About this task:
Your copy should repeat the data that follows exactly and contain no image.

Supplied information:
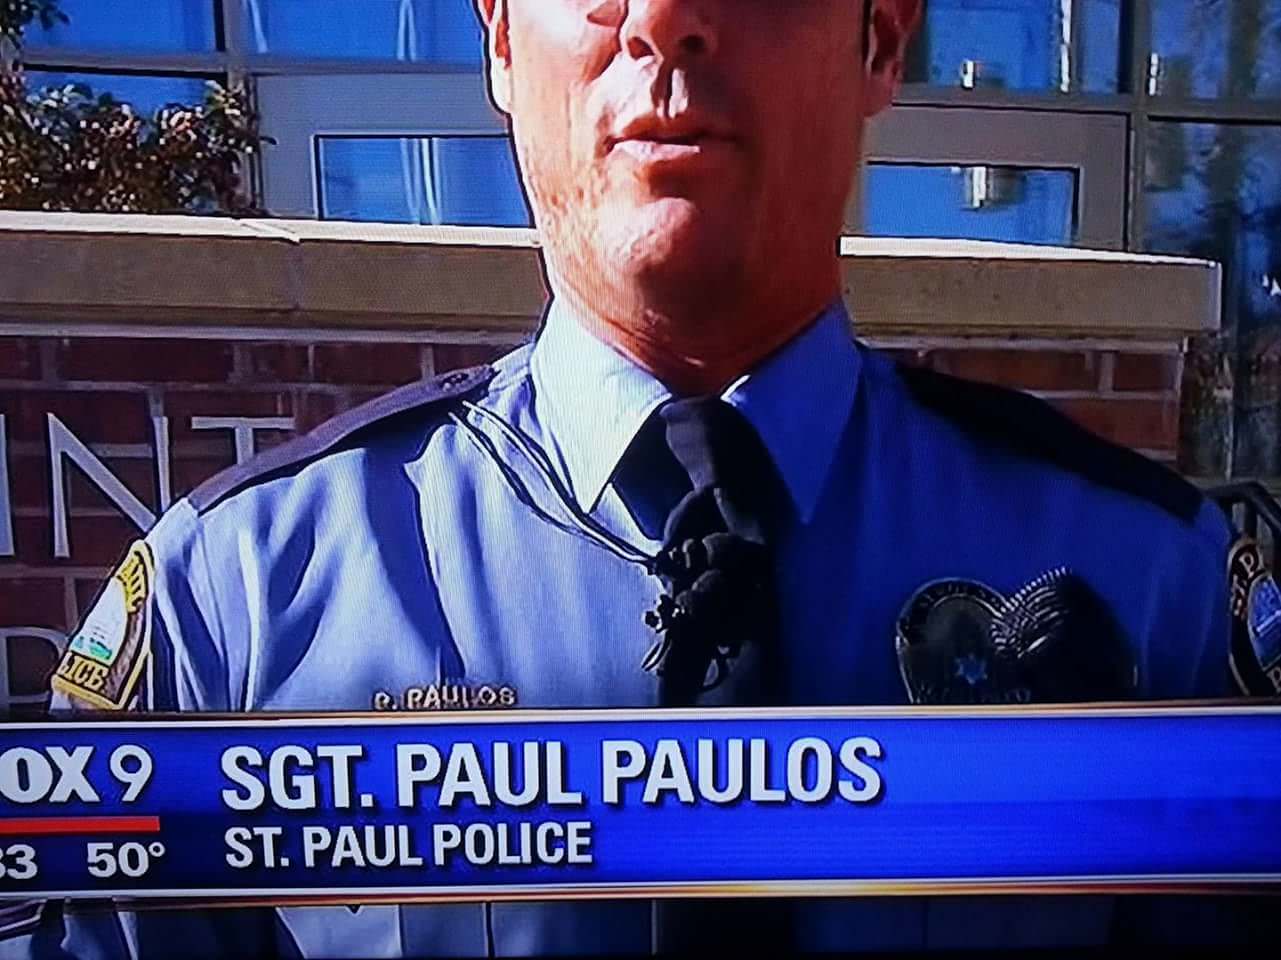 born for this job - Q.PAULO8 OX9 Sgt. Paul Paulos 3 50 St. Paul Police
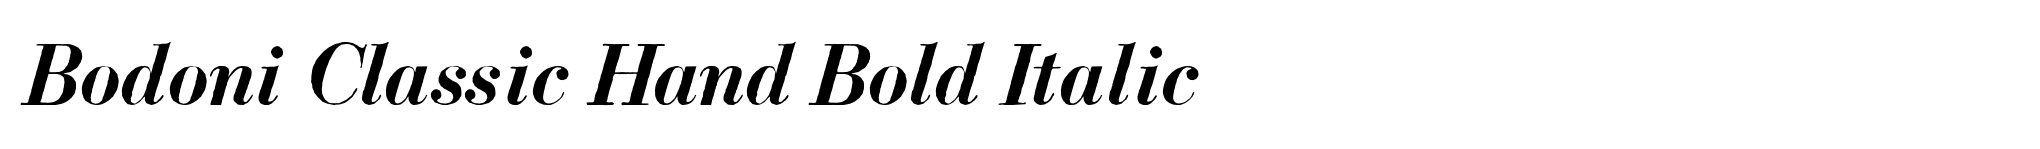 Bodoni Classic Hand Bold Italic image
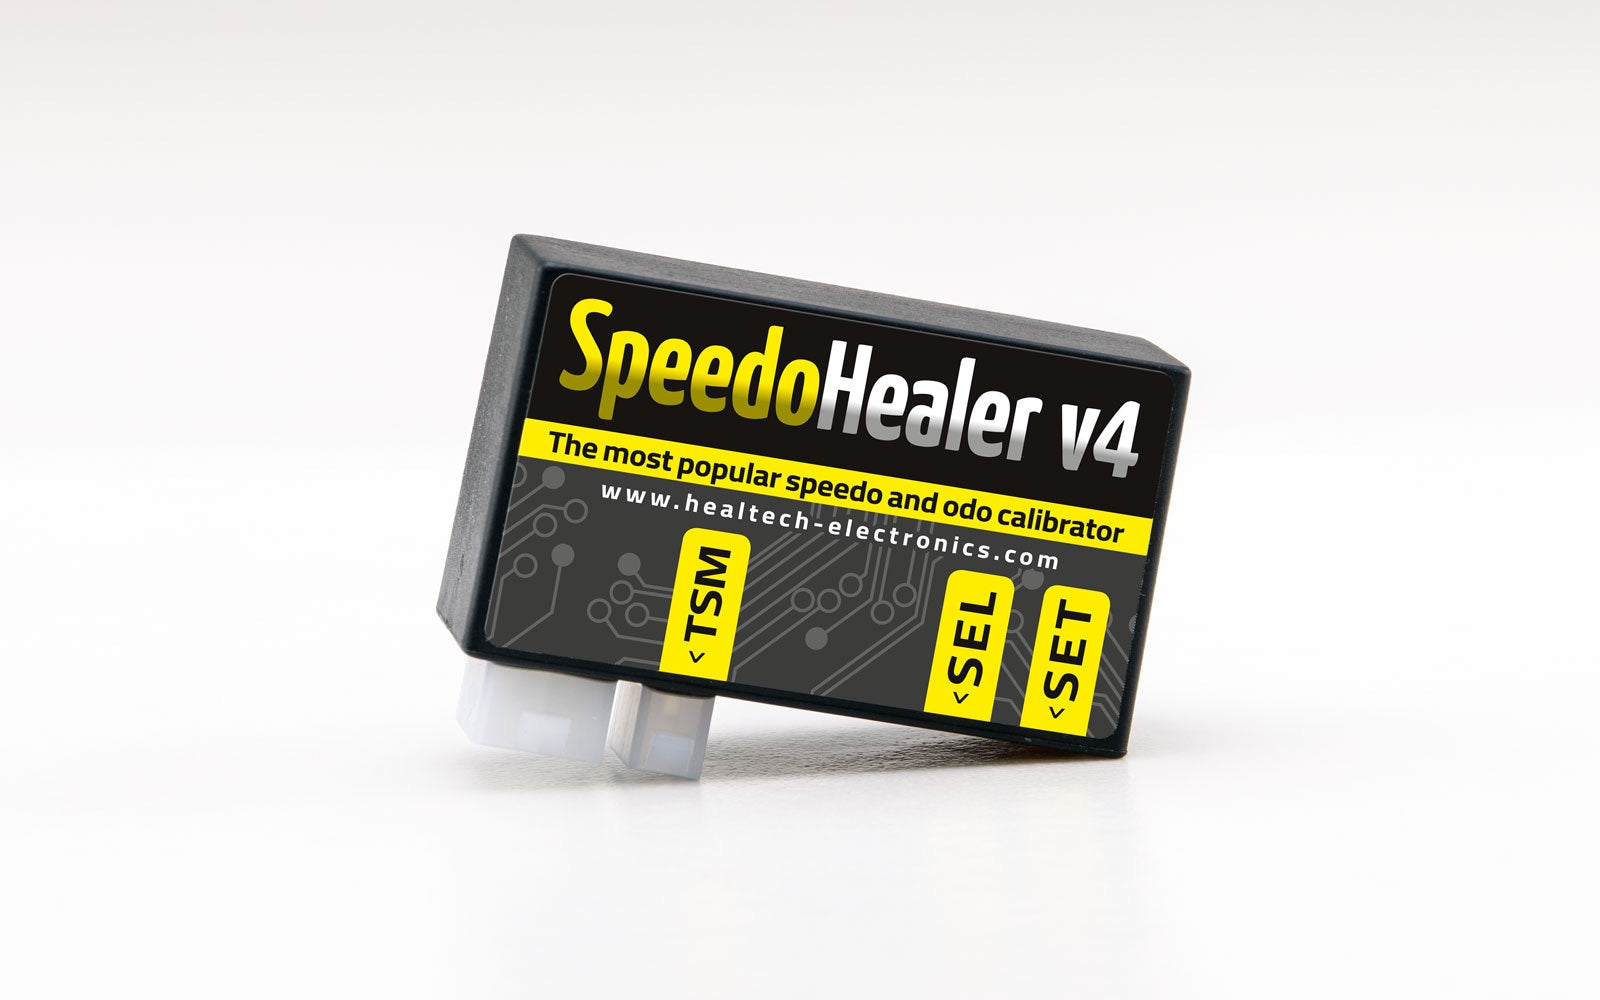 Speedo Healer V4 - Triumph - Averys Motorcycles

Your solution:
 born for this job - Q.PAULO8 OX9 Sgt. Paul Paulos 3 50 St. Paul Police
 Bodoni Classic Hand Bold Italic image
 Speedo Healer V4 - Triumph - Averys Motorcycles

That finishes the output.